SU's Wright Performs for Kennedys at 'JFK 50' Celebration in Ireland
|Members of the American Spiritual Ensemble (ASE) performed on stage. From left: pianist Tedrin Blair Lindsay, countertenor Matthew Trust, soprano Karen Slack, ASE founder and director Dr. Everett McCorvey, tenor John Wesley Wright, bass Kevin Thompson and "JFK 50" master of ceremonies George Hook.|
SALISBURY, MD---A few months before he was assassinated, President John F. Kennedy made a historic trip to Europe, which included his ancestors’ homeland in Ireland.
A singer with the American Spiritual Ensemble, Wright joined three other hand-selected members of the group during four days of performances for the high-profile celebration. His one-of-a-kind experience was made possible by Dr. Pearse Lyons, owner and president of international company Alltech.
Born in Ireland and now living in Kentucky, Lyons is a supporter of the American Spiritual Ensemble. When he learned of plans for the 50th anniversary celebration, he recommended the group because of its musical excellence and symbolic representation of Kennedy’s support for civil rights. They sang songs that the Rev. Dr. Martin Luther King Jr. and others used to punctuate meetings and demonstrations in the 1960s, including “Walk Together, Children” and “I Know I’ve Been Changed.”

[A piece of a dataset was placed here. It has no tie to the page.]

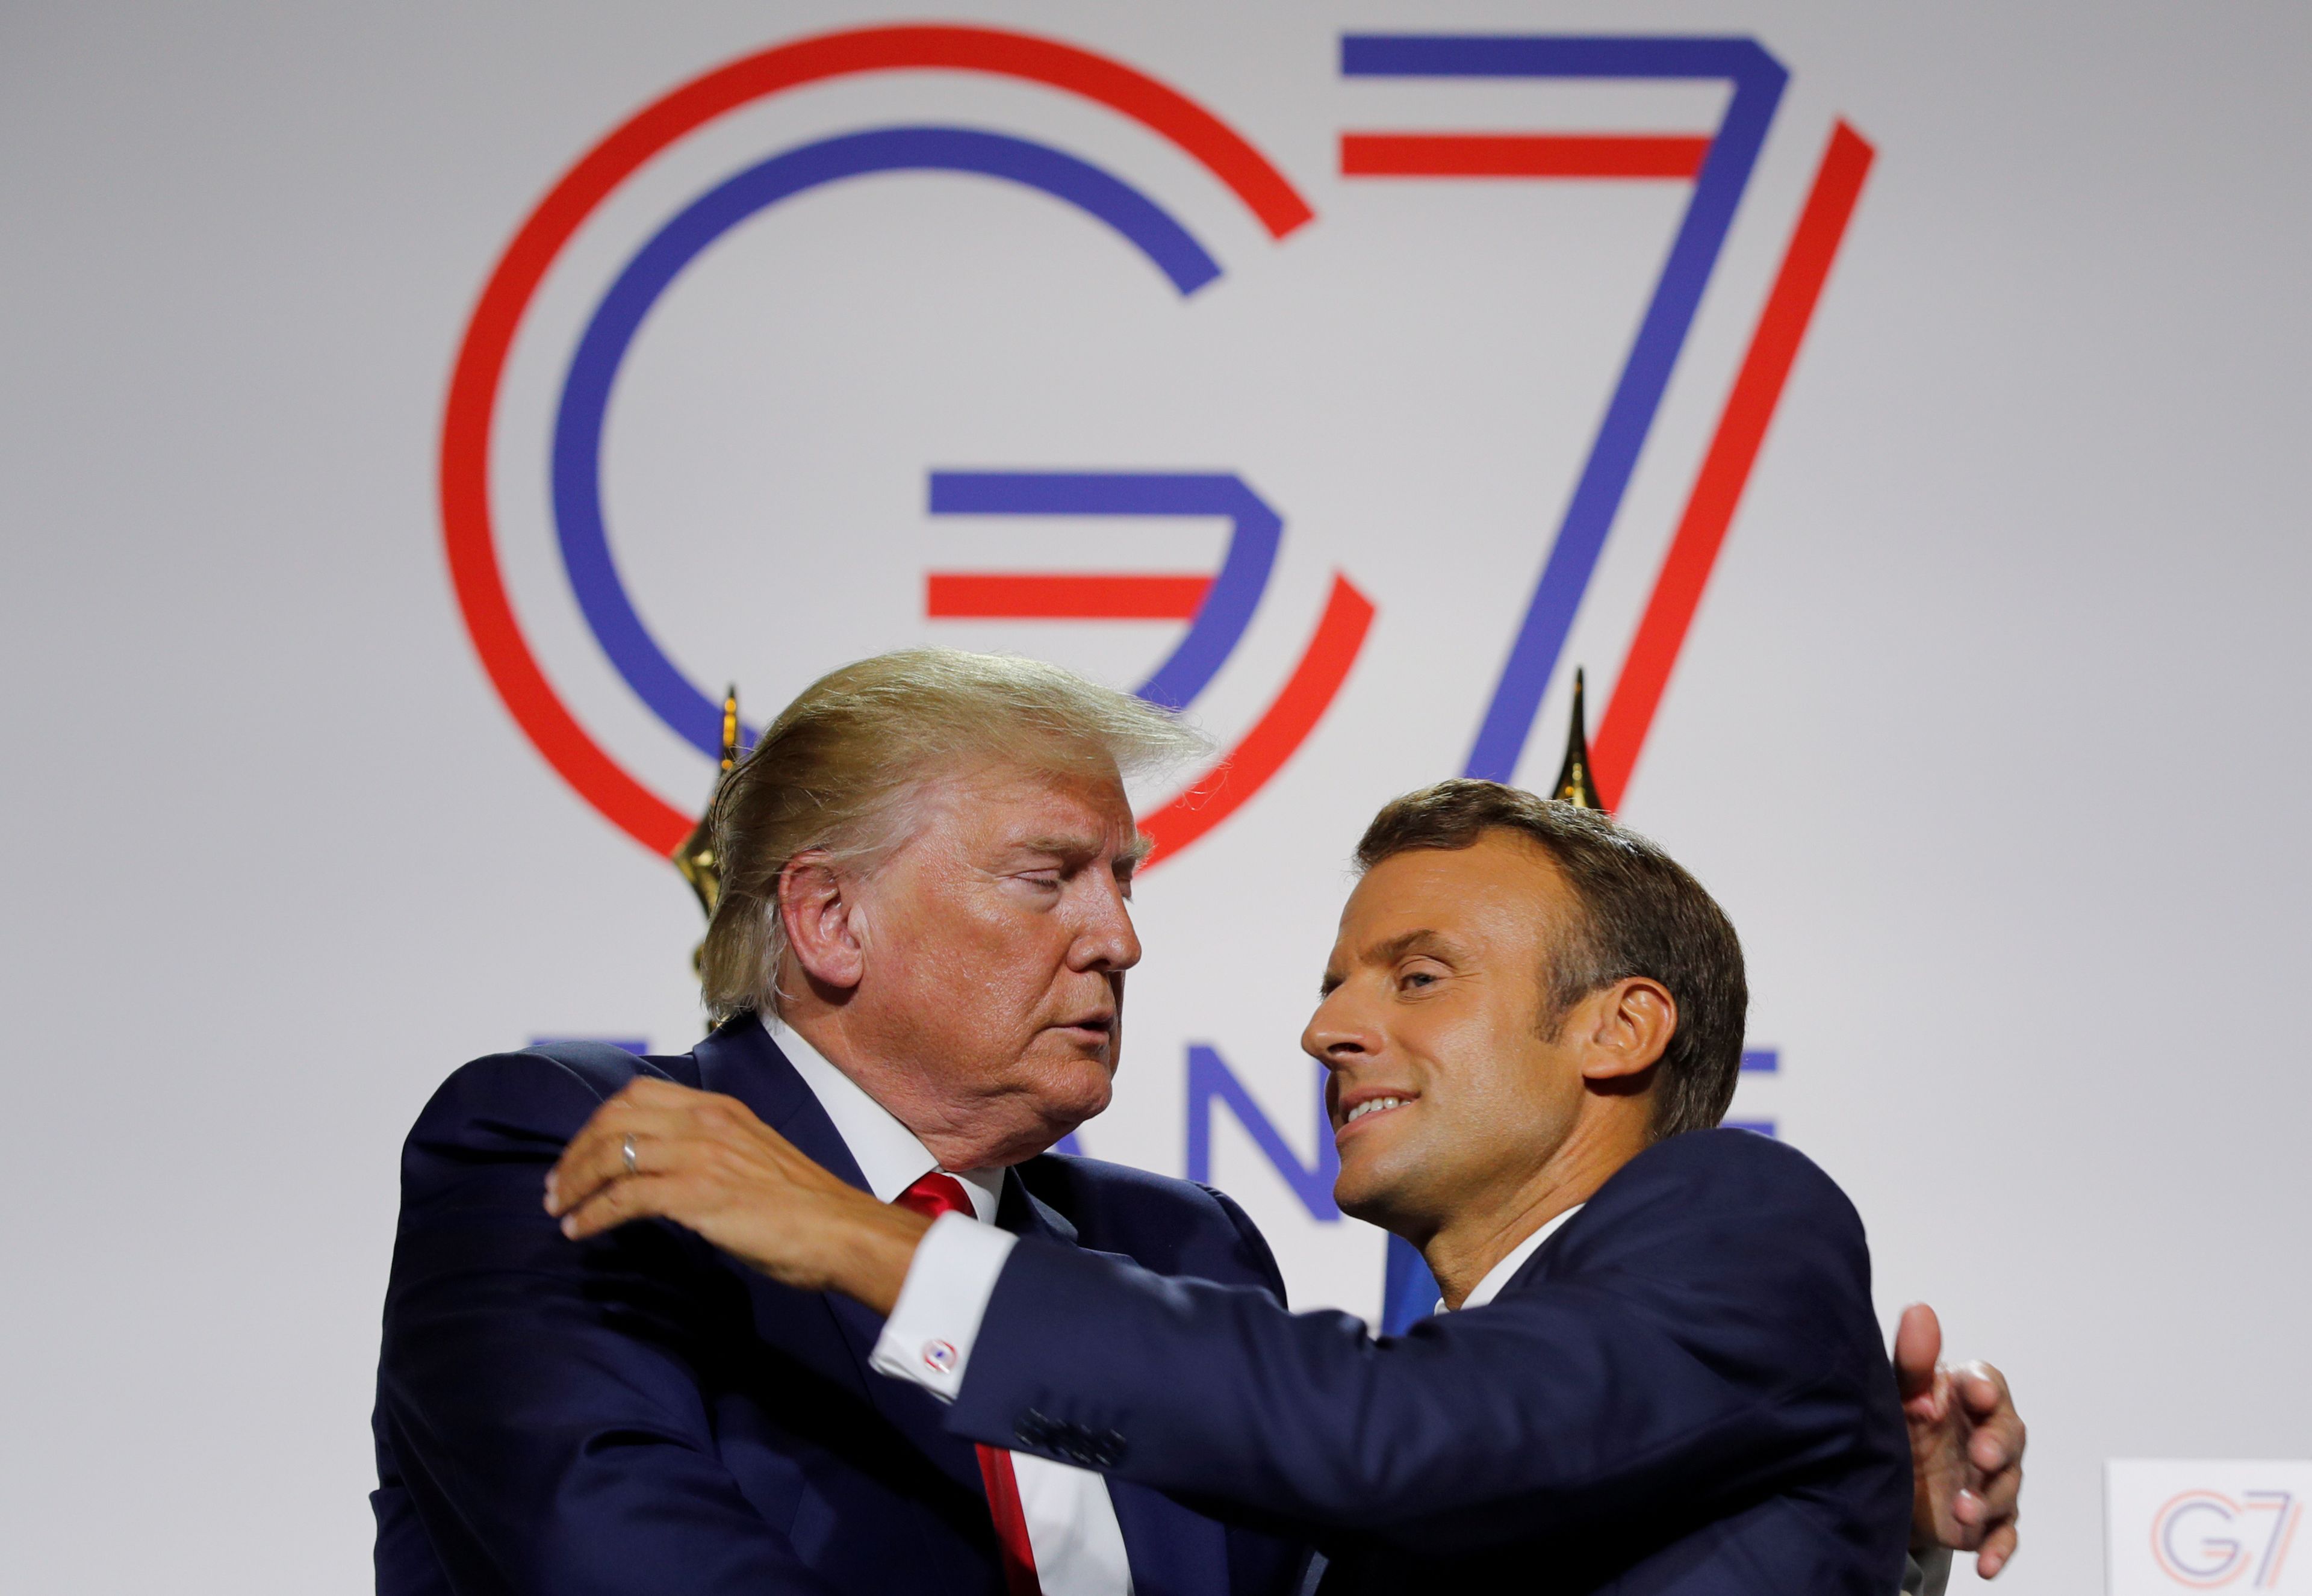 Donald Trump, presidente de los Estados Unidos, y Emmanuel Macron, presidente de Francia, durante su comparecencia en la cumbre del G7 en Biarritz.

|Singers gathered at the celebration. From left: American Spiritual Ensemble founder and director Dr. Everett McCorvey, Irish Tenor and Wexford Ambassador Michael Londra, pianist Tedrin Blair Lindsay, tenor John Wesley Wright, soprano Karen Slack, Judy Collins, countertenor Matthew Truss and bass Kevin Thompson.|
Wright and his colleagues began their whirlwind tour shortly after landing in Ireland, joining a community chorus outside Dublin for a cultural exchange concert that evening. The next morning brought a performance on an Irish radio show featuring a panel of Kennedy experts. They then were guests at a 280-person dinner held in the Kennedys’ honor. Afterward, once all the clinking of glasses and silverware had stopped, they performed for what, by the standards set the next day, was an intimate crowd.
“All the Kennedys were sitting three feet from me,” Wright recalled, adding that the ensemble representatives received accolades from Kennedy’s daughter, Caroline.
On Saturday, June 22, some 15,000 gathered before a stage at the Kennedy Monument in New Hope, Ireland, where the president had spoken five decades prior, for the main event of this once-in-a-lifetime celebration.
“The magnitude felt like that of our presidential inauguration,” said Wright.
Millions watched the nationally televised ceremony as representatives from the Peace Corps, Special Olympics and others carried a fire that originated with a torch lit from the Eternal Flame at Kennedy’s graveside at Arlington National Cemetery. Irish Prime Minister Edna Kenny joined the president’s sister, Jean Kennedy Smith, and Caroline Kennedy in lighting Ireland’s own version of the Eternal Flame, the Emigrant Flame, inside an iron globe.
Ireland, Wright noted, is “a singing nation.” The crowd sang along with Collins during her performances and, following the lead of former Maryland Lt. Governor Kathleen Kennedy Townsend, all 15,000 in attendance stood and joined the American Spiritual Ensemble in a powerful post-slavery song used heavily during the civil rights era, “Oh, Freedom.” Most Irish may not have experienced the slave conditions that gave birth to American spirituals, but the historical hardships their country has suffered helped them understand, Wright said.
|Robert F. Kennedy’s grandson Max, center, poses with John Wesley Wright and Irish Tenor and Wexford Ambassador Michael Londra.|
The ceremony culminated as Wright and others joined Collins in a heartfelt rendition of “Amazing Grace.” As Collins clutched Wright’s hand, a squadron of Irish Air Corps jets flew in formation, with one breaking off from the group to symbolize the loss of Kennedy.
“It was one of the most touching things I’ve ever experienced,” said Wright.
He was not the only one who thought so. Afterward, he and other members of the ensemble were recognized by Irish citizens who had attended the ceremony or watched it on television. From the cab driver who drove them back to their hotel to men gathered in a nearby pub, nearly everyone had the same reaction.
“They would say, ‘Irish men don’t share their pain … but you moved me,’” said Wright.